“Do you think he’s shielding somebody?”
“Foolish question number thirty-seven. He must have some idea of who shot him even if he only saw a shadow. He won’t even say how big the figure was—it might be Evans or Federhut or even Mrs. Hudson from all he’ll say. But you can take it from me, if he’s shielding anybody, it isn’t out of human kindness. He knows what he’s about, that baby; he’s no Boy Scout.”
“Did you see,” Maureen ventured tentatively, “if there were any other wounds on his body?”
Finch smilingly tamped his corncob. “I suppose you think, young lady, that that’s cryptic question. You want to be mysterious with the police, like all the clever heroines. I hate to disappoint you, but that other wound was the first thing the police thought of. It’s a frame, I said to myself. He’s pulling an alibi out of a book—stage an attack on yourself and you seem innocent. And if we do notice how the gun got out the window, we’re supposed to think the murderer is just confusing things like with Worth. But then! I said, he couldn’t have written on the wall after a wound like that. He’d have to get blood some other way. So is there maybe another wound? Am I right—that’s what you’re after?”
“Yes. Only please, I wasn’t trying to be a smarty. I just wanted—”
“I know. I never saw a case with so many people trying to solve it. Hell and Maria, we’ve even got a member of our own police force working as an amateur! All detectives and no suspects, that’s what’s the matter.”
“But was there another wound?”
“There was. A cut on the upper lip—pretty bad. On the one hand, it could easily have been caused while shaving. On the other, it would have furnished enough blood to do that writing. This RACHE was smaller than the other, and pretty faint.”
“Then he did do it himself!”
“Horse feathers! I thought so too, till I got the doctor’s report. Nobody could have faked that shot. He only lived because the bullet glanced off a rib. The least fraction of an inch to one side and it would have been fatal. If you fake a shooting you pick the shoulder or the leg; you don’t aim at just missing the heart by a hairsbreadth. No, whoever fired that shot meant business.”
“I guess that’s that then.” Maureen sounded regretful. “It would have been so simple. And I’d soonest he was the murderer out of all of them.”

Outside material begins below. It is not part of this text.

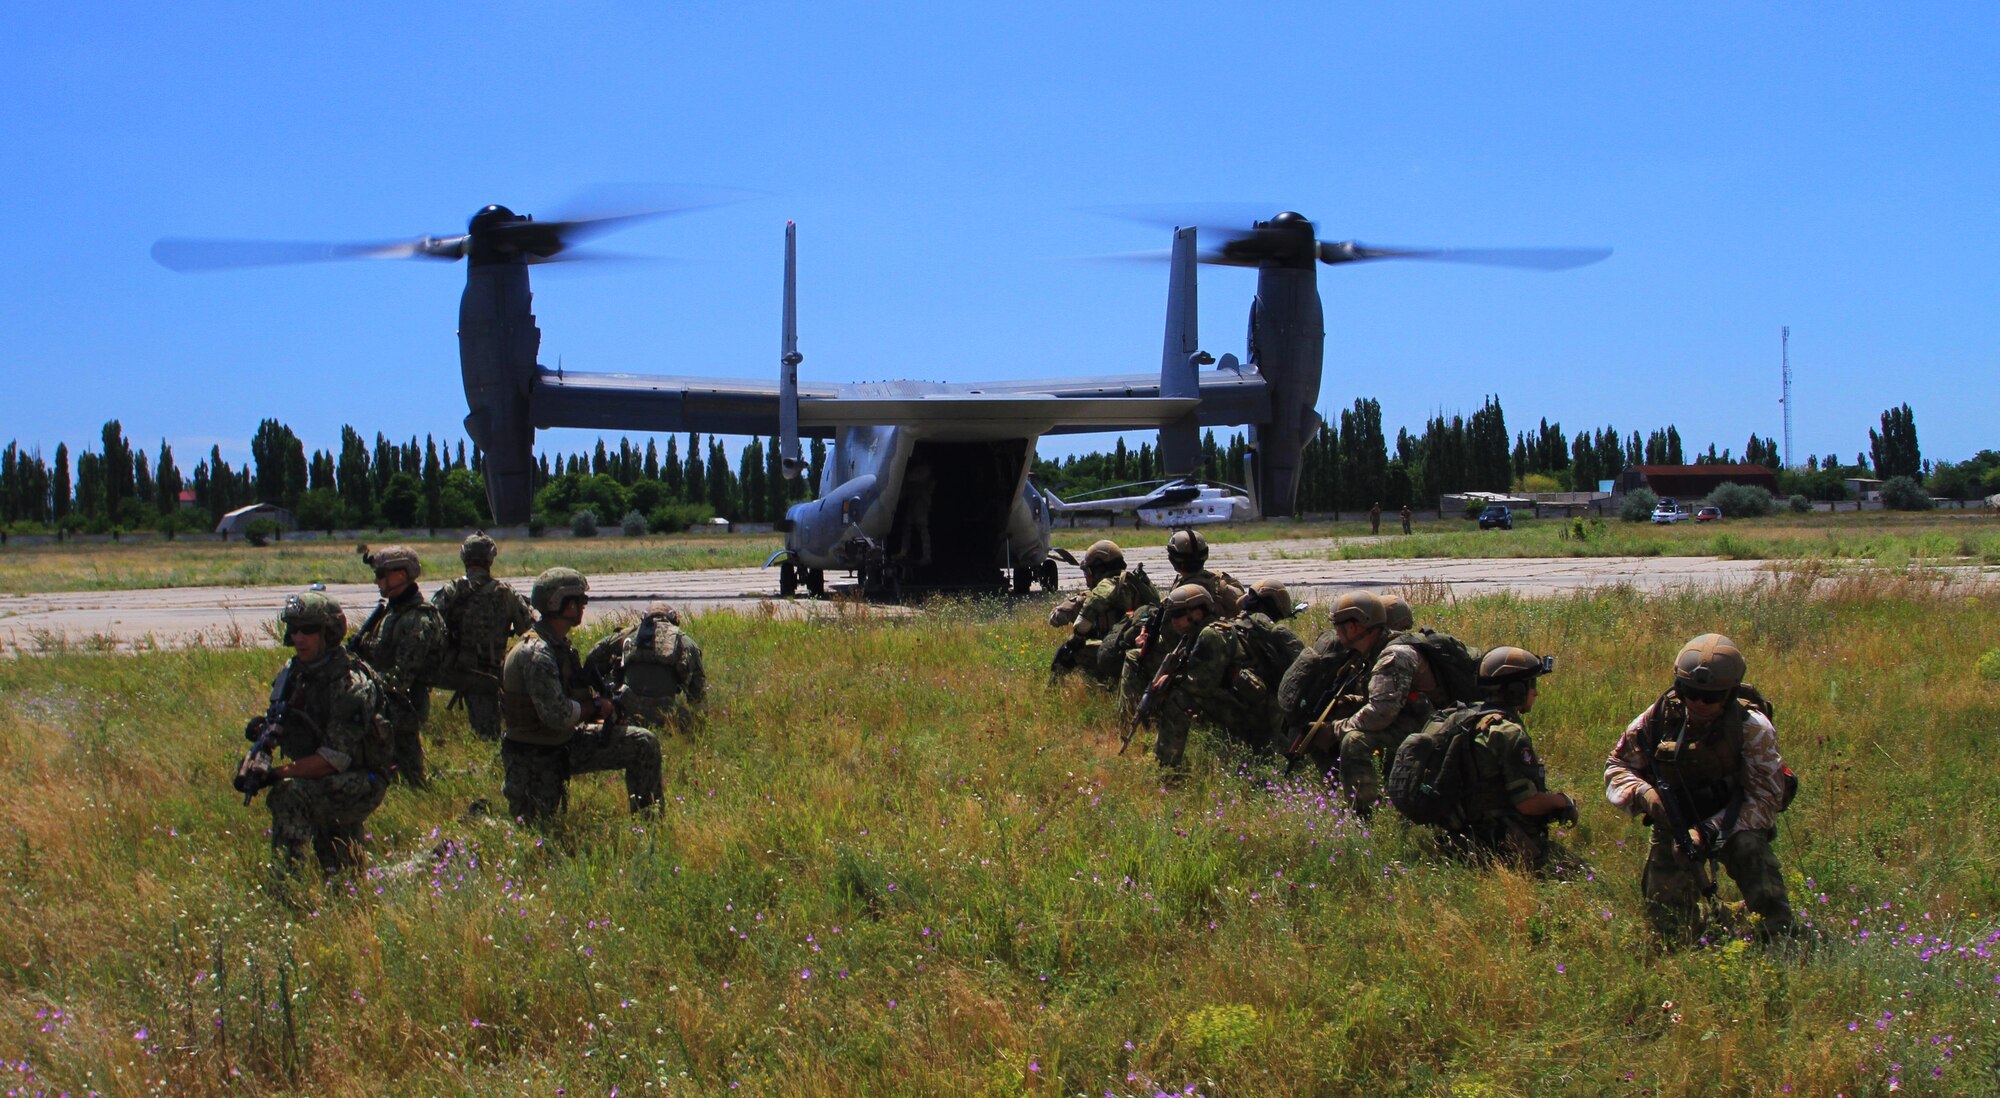 A combined U.S. and Ukrainian team of Special Operation Forces wait to board a CV-22 Osprey during air movement training in Ukraine, July 14, 2017.  Sea Breeze is a U.S. and Ukraine co-hosted multinational maritime exercise held in the Black Sea and is designed to enhance interoperability of participating nations and strengthen maritime security within the region.

“He still might be. Because somebody tried to kill him doesn’t mean he’s innocent of Worth’s murder; it just means we’ve maybe got two of ’em on our hands.”
“But,” Maureen insisted, “men don’t shave at night just before they go to bed. It isn’t natural. I’ve watched my brother. He always shaves either first thing in the morning or before he goes out in the evening—sometimes both, but he hates that. He wouldn’t think of shaving before he went to bed.”
Lieutenant Finch rubbed his chin reminiscently. “Wait till he’s married,” he said. “Wait till you’re married yourself; you’ll find out why men shave at night.”
“But Mr. Ridgly is a bachelor. He wouldn’t have any habits like that.”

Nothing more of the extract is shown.